RECORDED DATA
▽

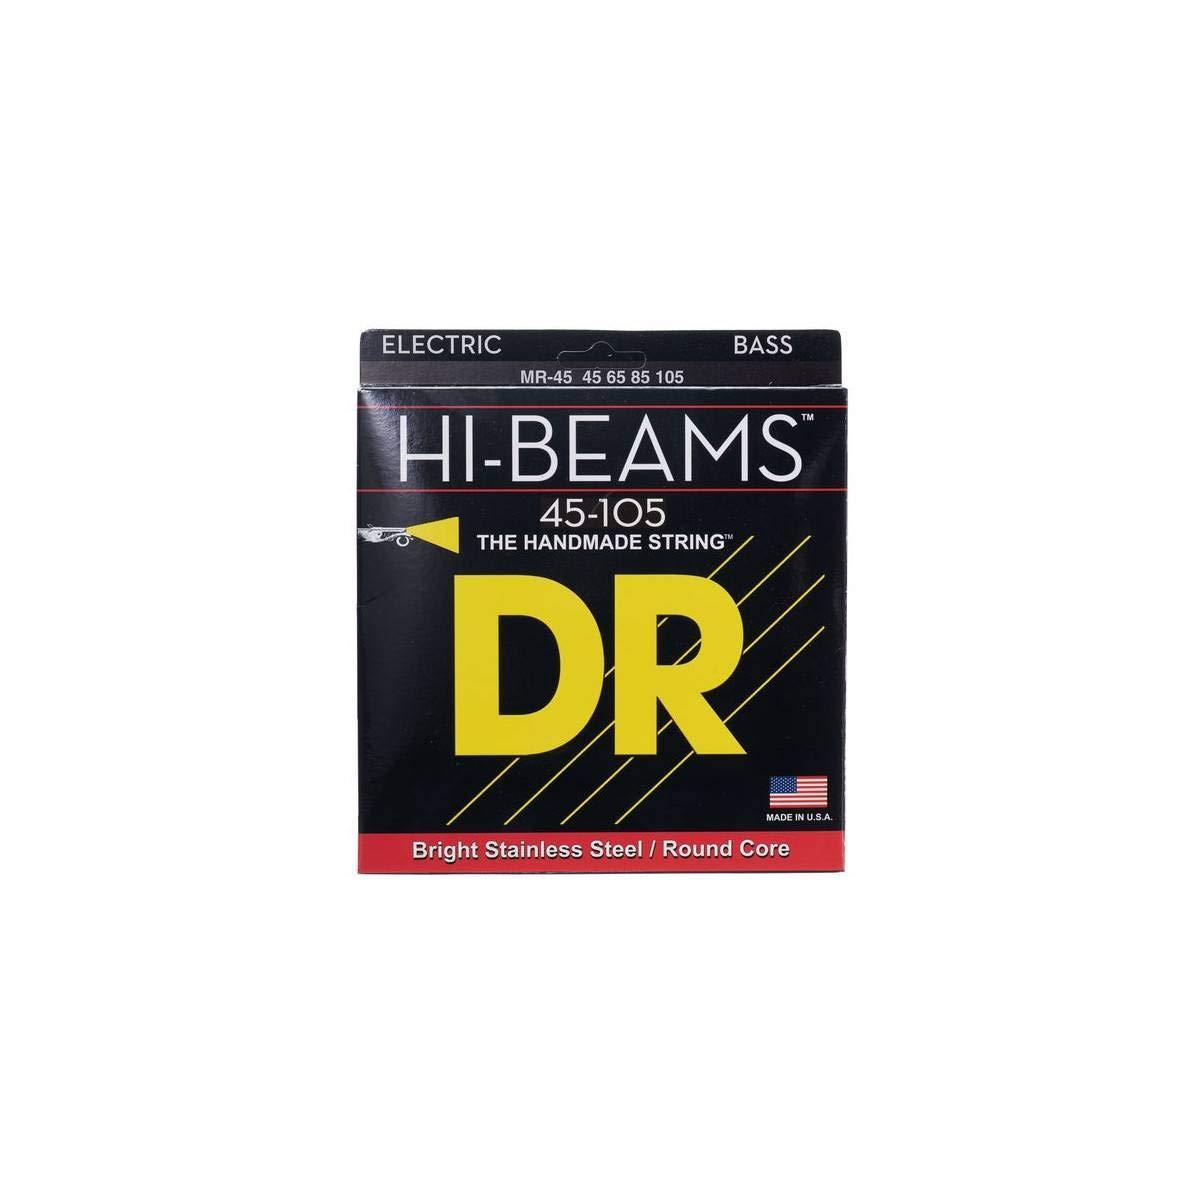 630d0c4793e6f DR - Jeu De Cordes Basse Hi-Beam 45 105  Amazon.fr  Vêtements et accessoires
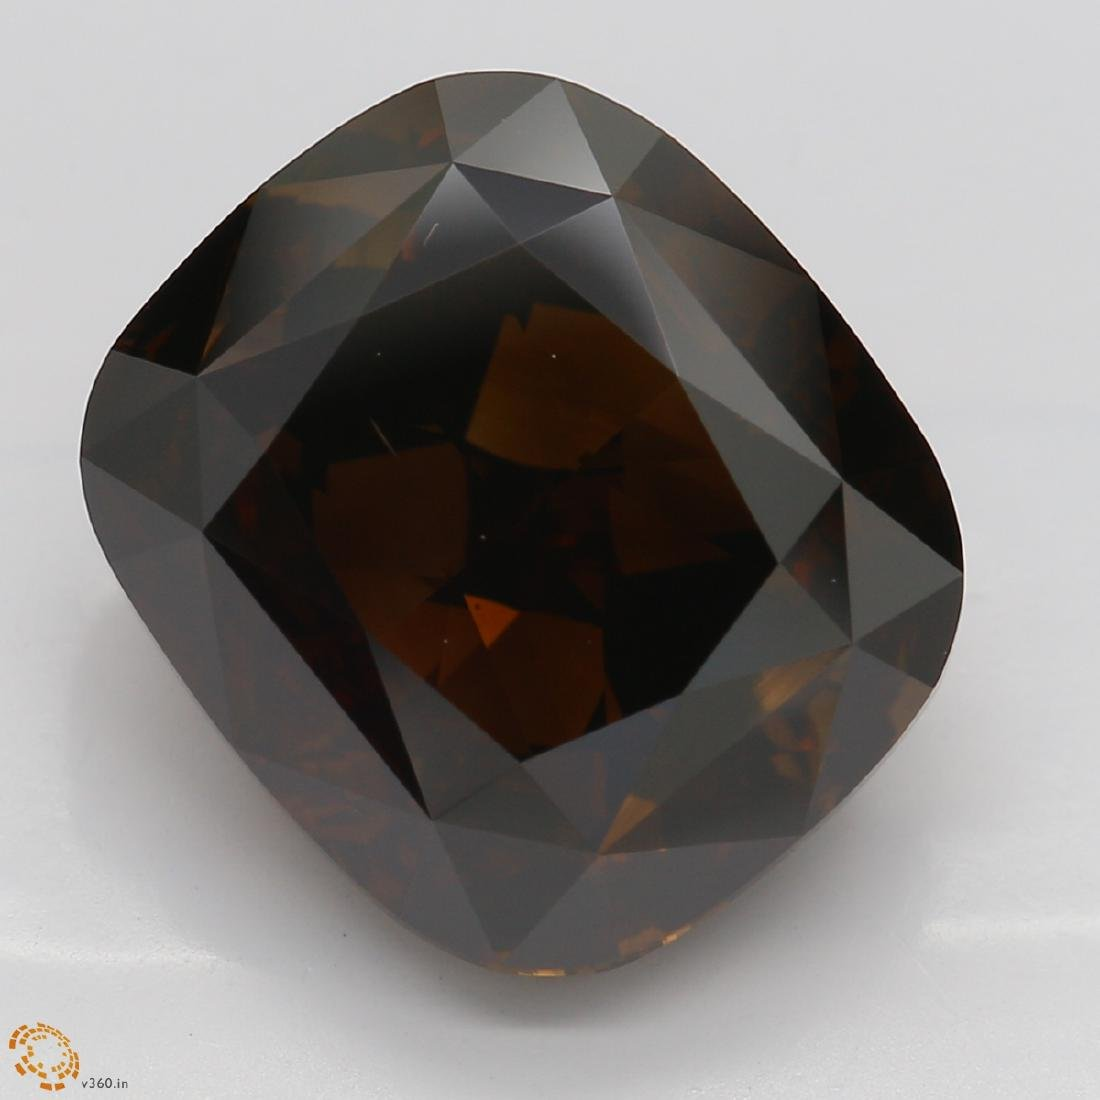 7.48 ct, Brown/VS2, Cushion cut Diamond
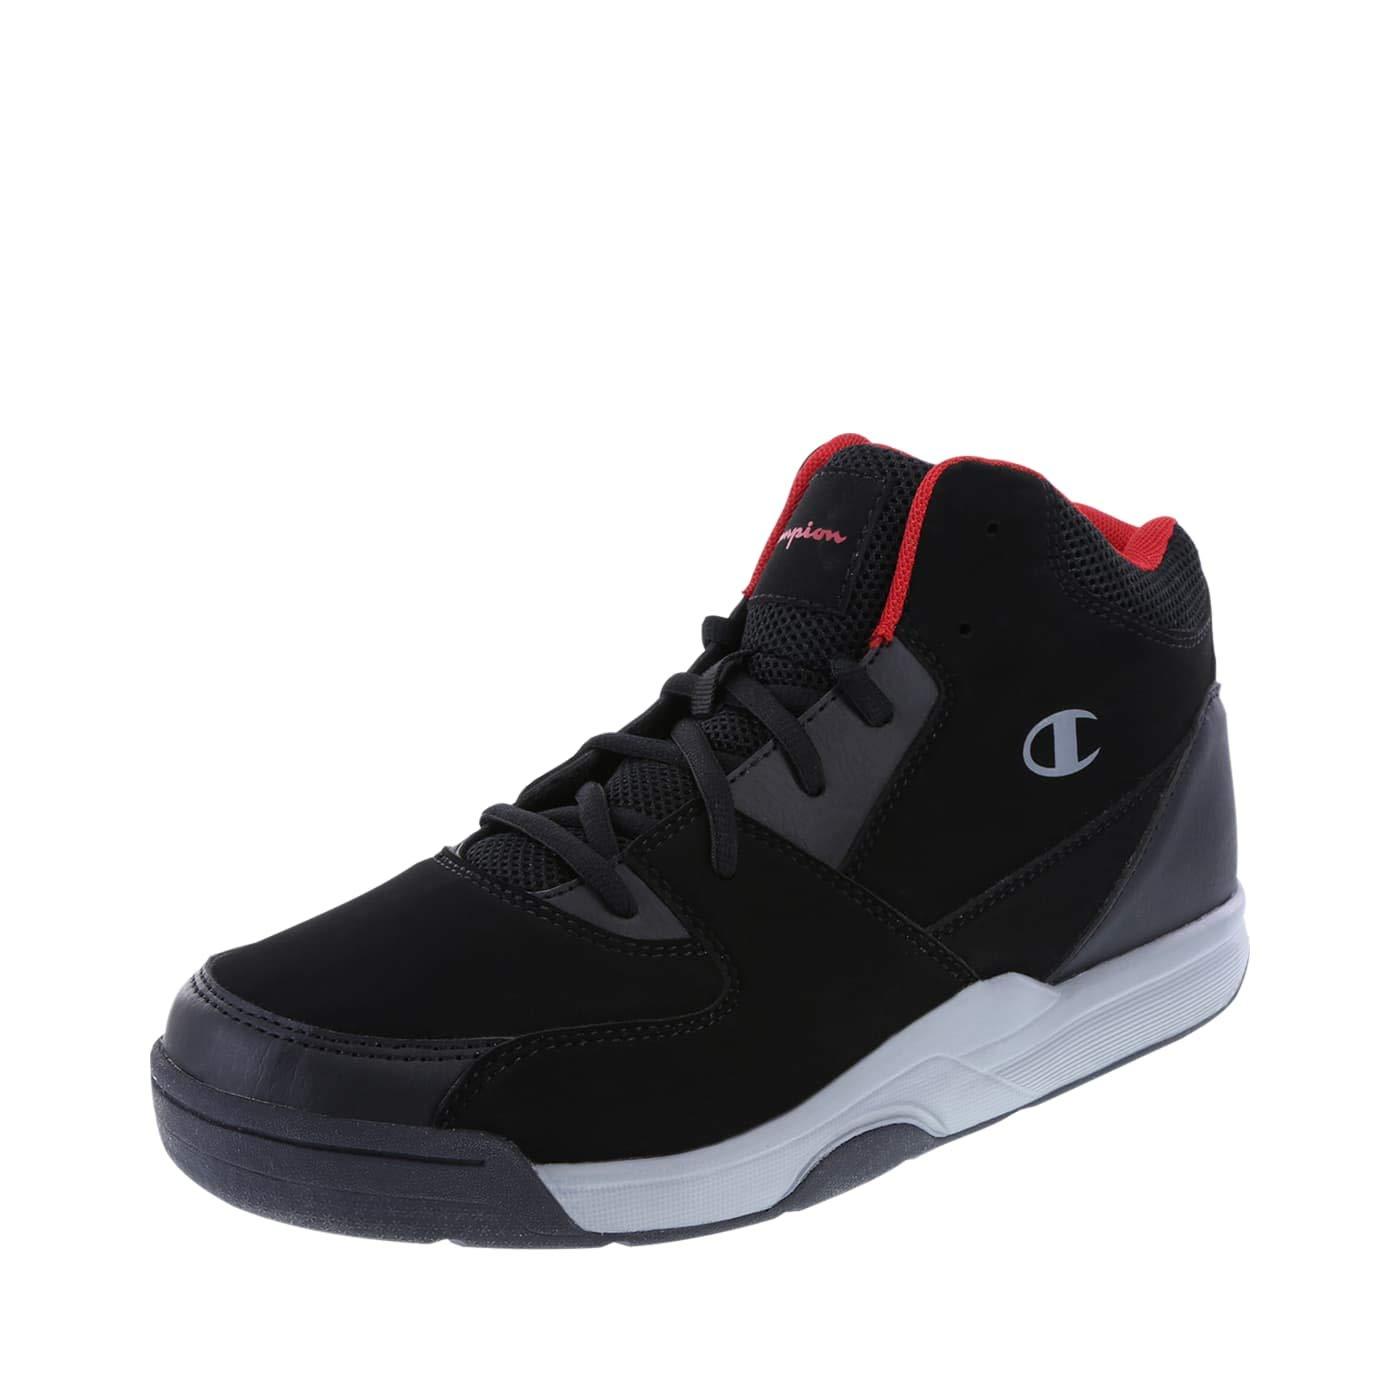 Overtime Basketball Shoe

△

TASK GOAL
Pictures do not belong in the copy. Reproduce the rest of the data exactly.

SOLUTION FOR THIS TASK
 630d0c4793e6f DR - Jeu De Cordes Basse Hi-Beam 45 105  Amazon.fr  Vêtements et accessoires
 7.48 ct, Brown/VS2, Cushion cut Diamond
 Overtime Basketball Shoe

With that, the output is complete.